TASK BRIEF —
Write the data out in full and word for word. Do not include images.

GIVEN DATA —
__________
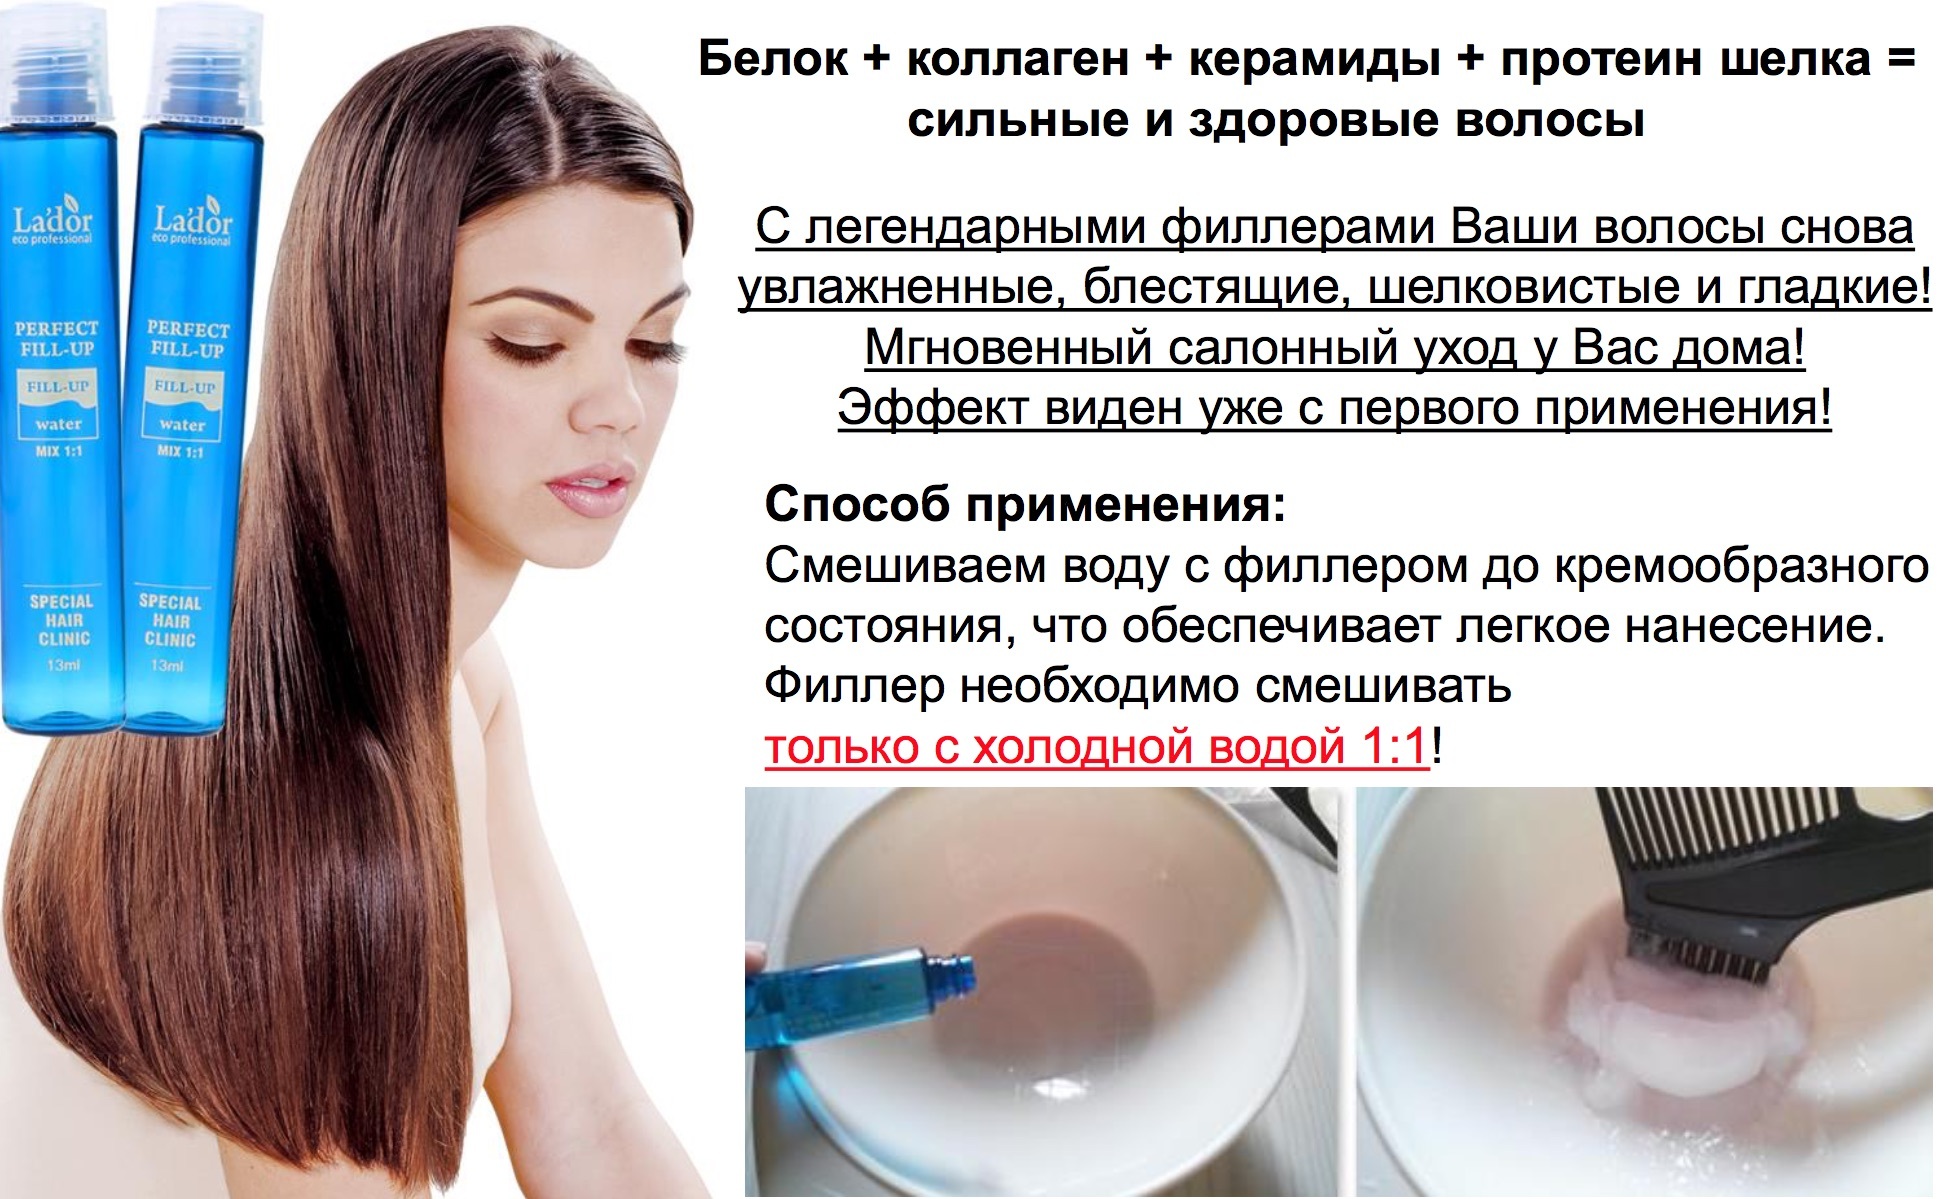 Восстанавливающая сыворотка для волос: применение и отзывы :: syl.ru
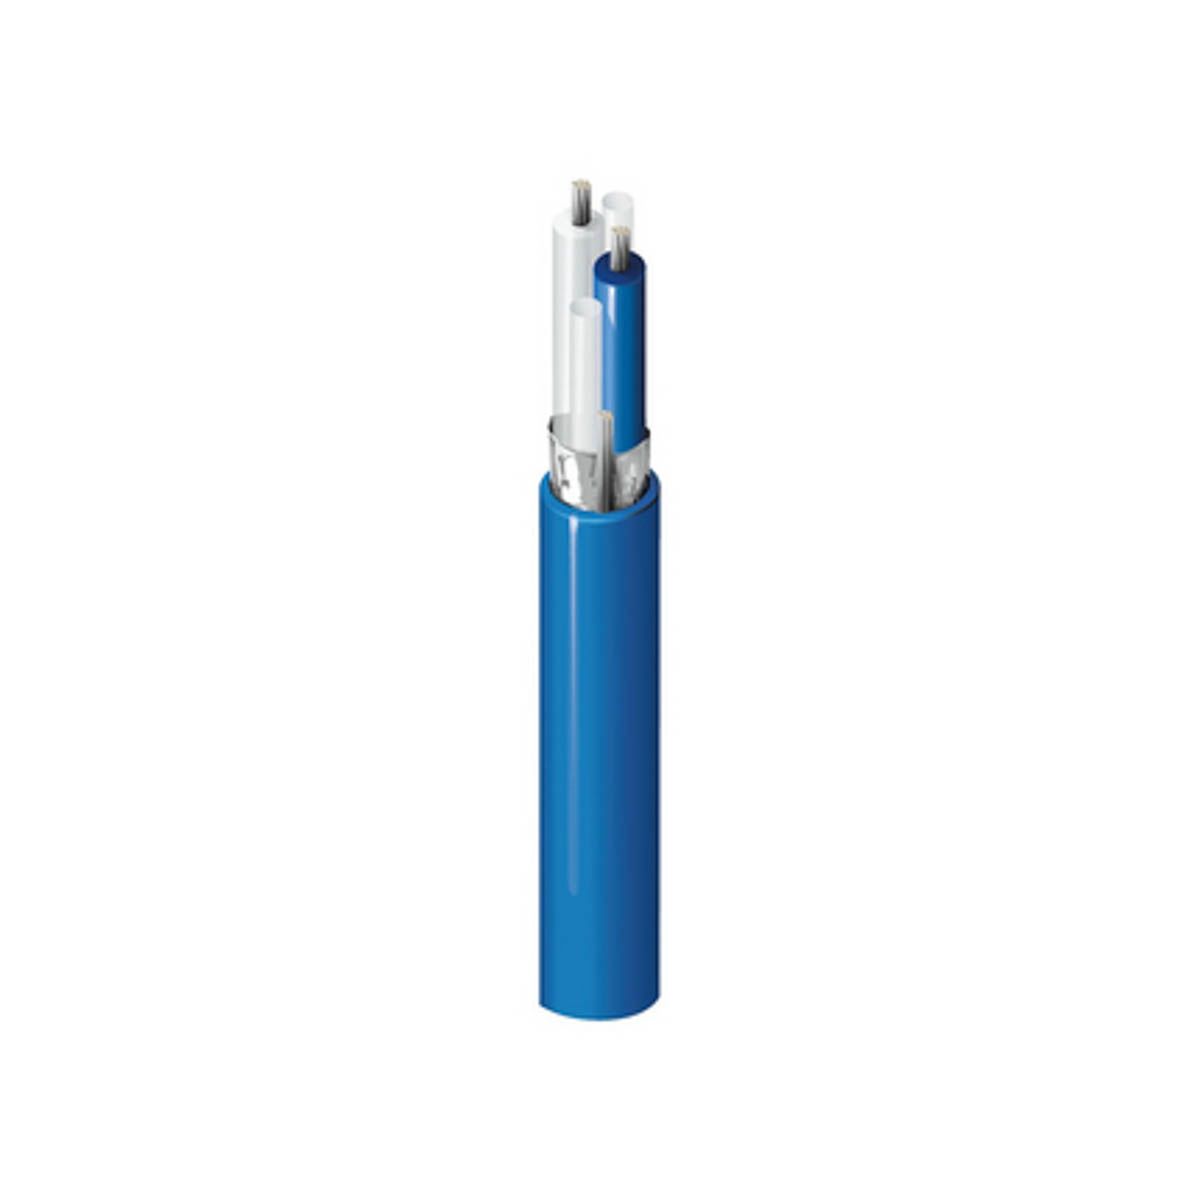 Belden Twinaxialkabel PVC Blau 30m 124 Ω PE 6.1mm 72,16 pF/m
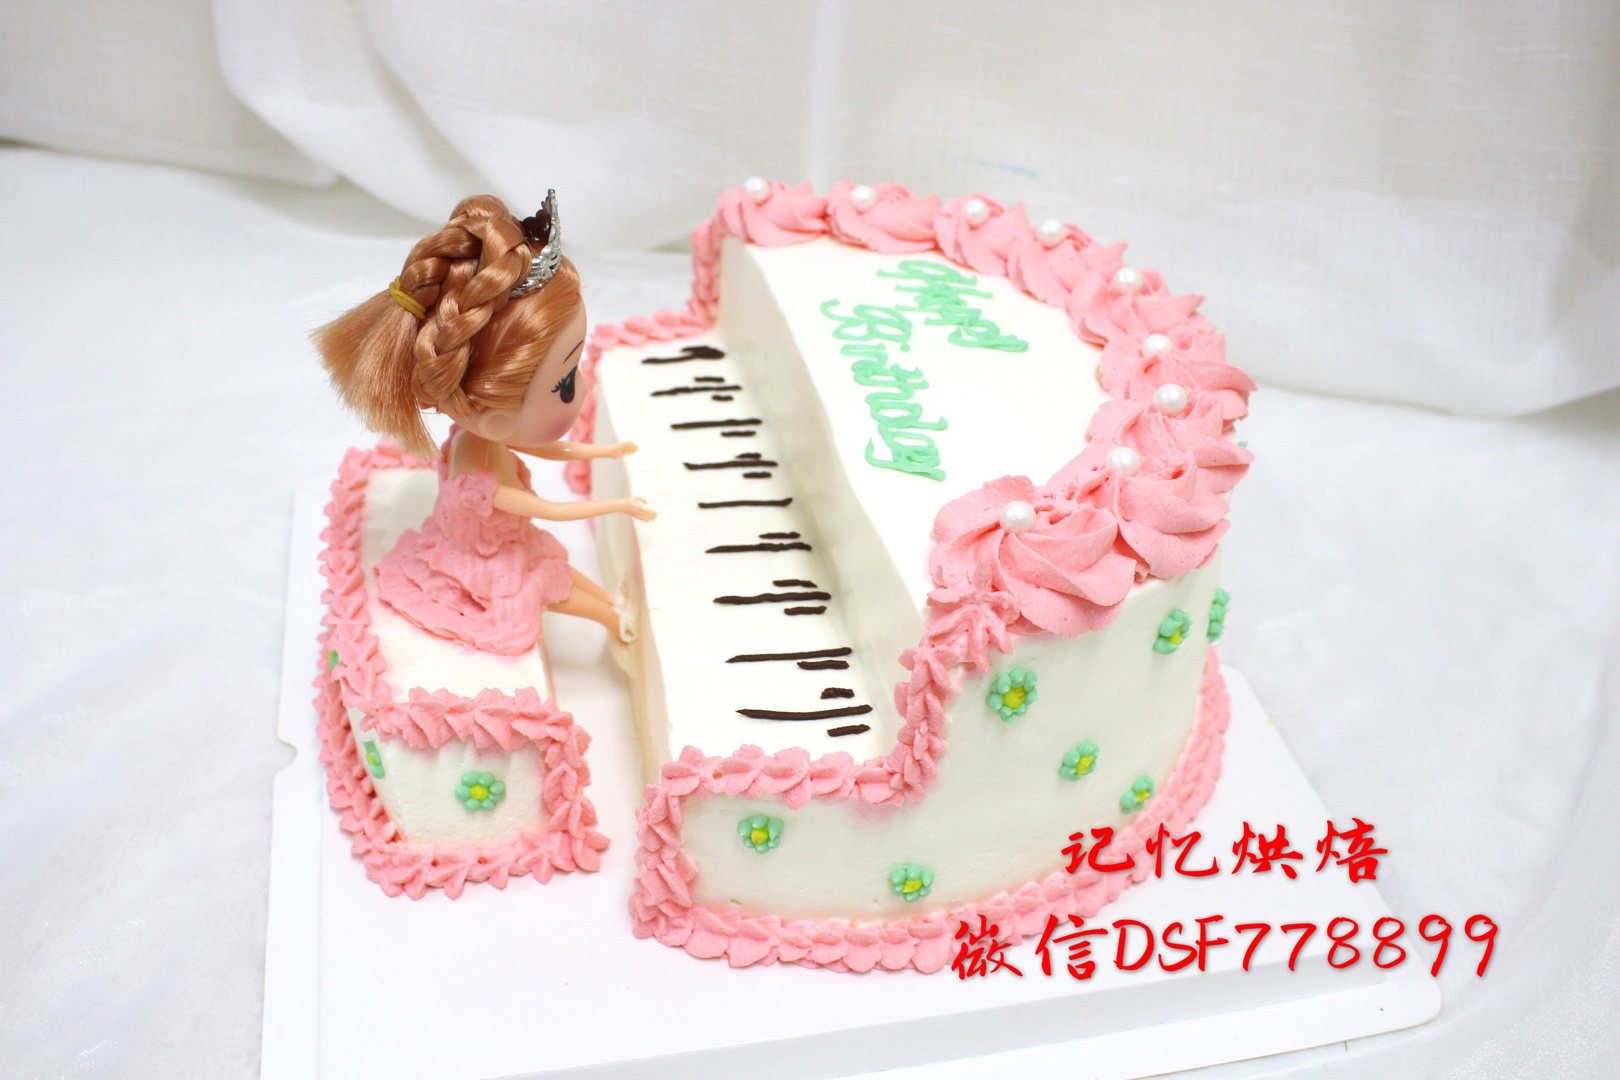 钢琴蛋糕 异形蛋糕的做法
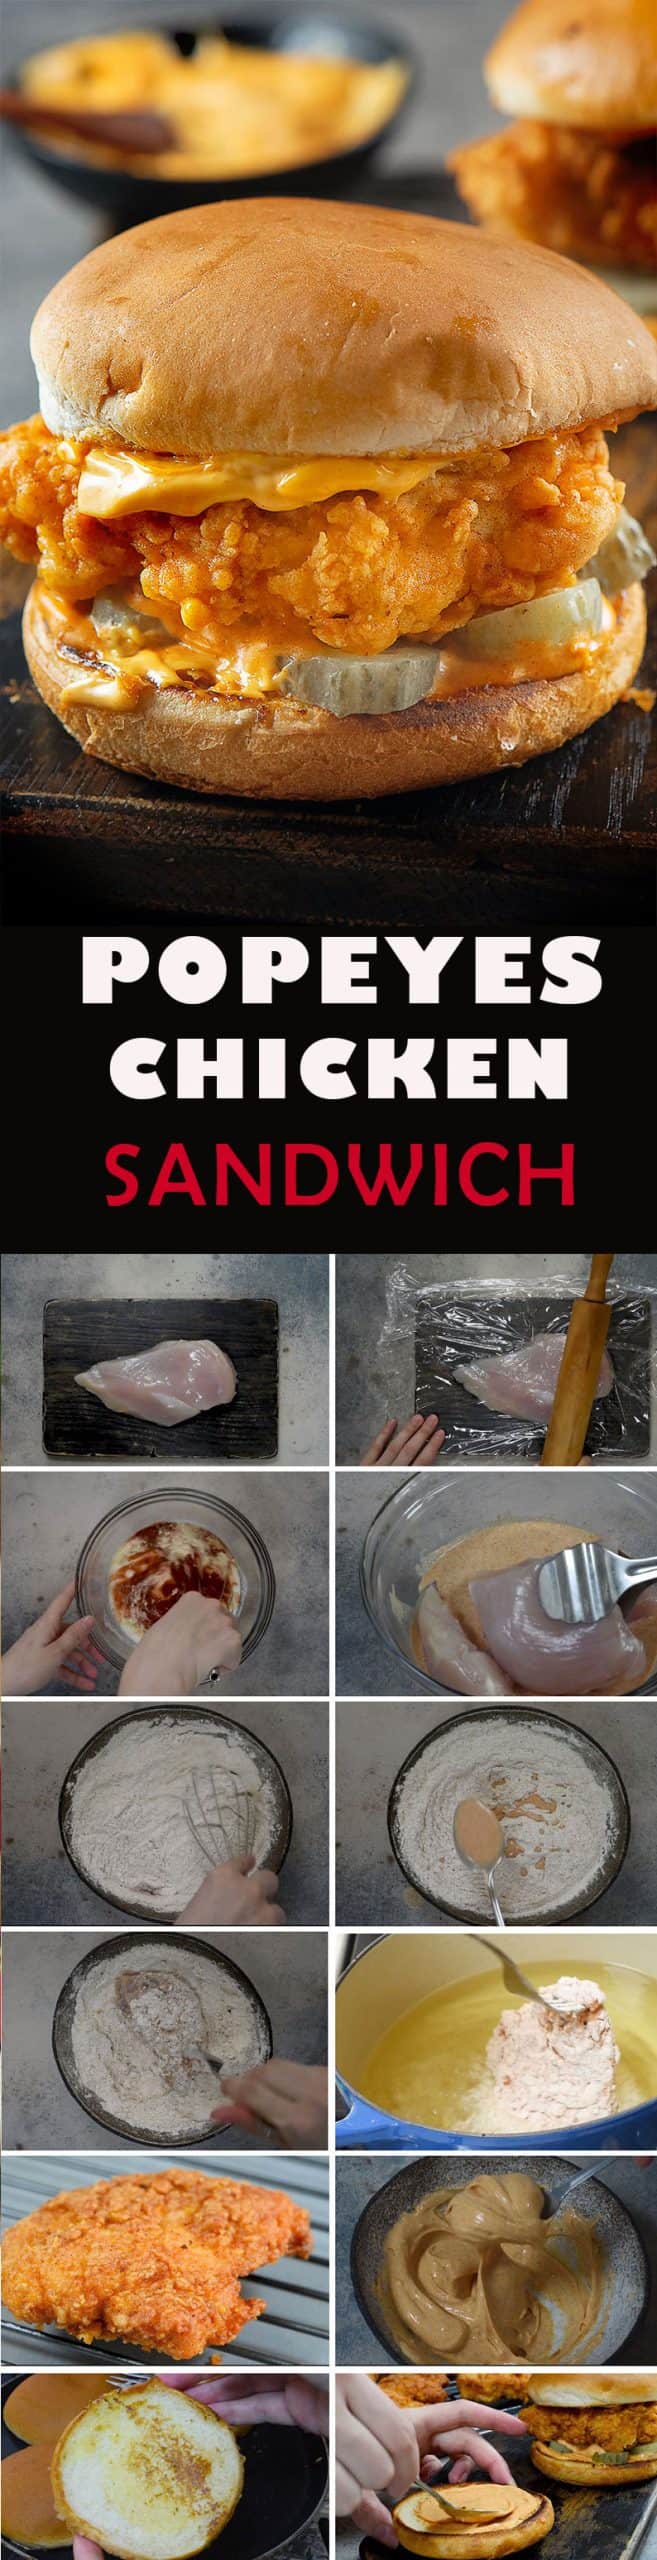 Popeyes-chicken-sandwich
__________
RESPONSE —
 Восстанавливающая сыворотка для волос: применение и отзывы :: syl.ru
 Belden Twinaxialkabel PVC Blau 30m 124 Ω PE 6.1mm 72,16 pF/m
 钢琴蛋糕 异形蛋糕的做法
 Popeyes-chicken-sandwich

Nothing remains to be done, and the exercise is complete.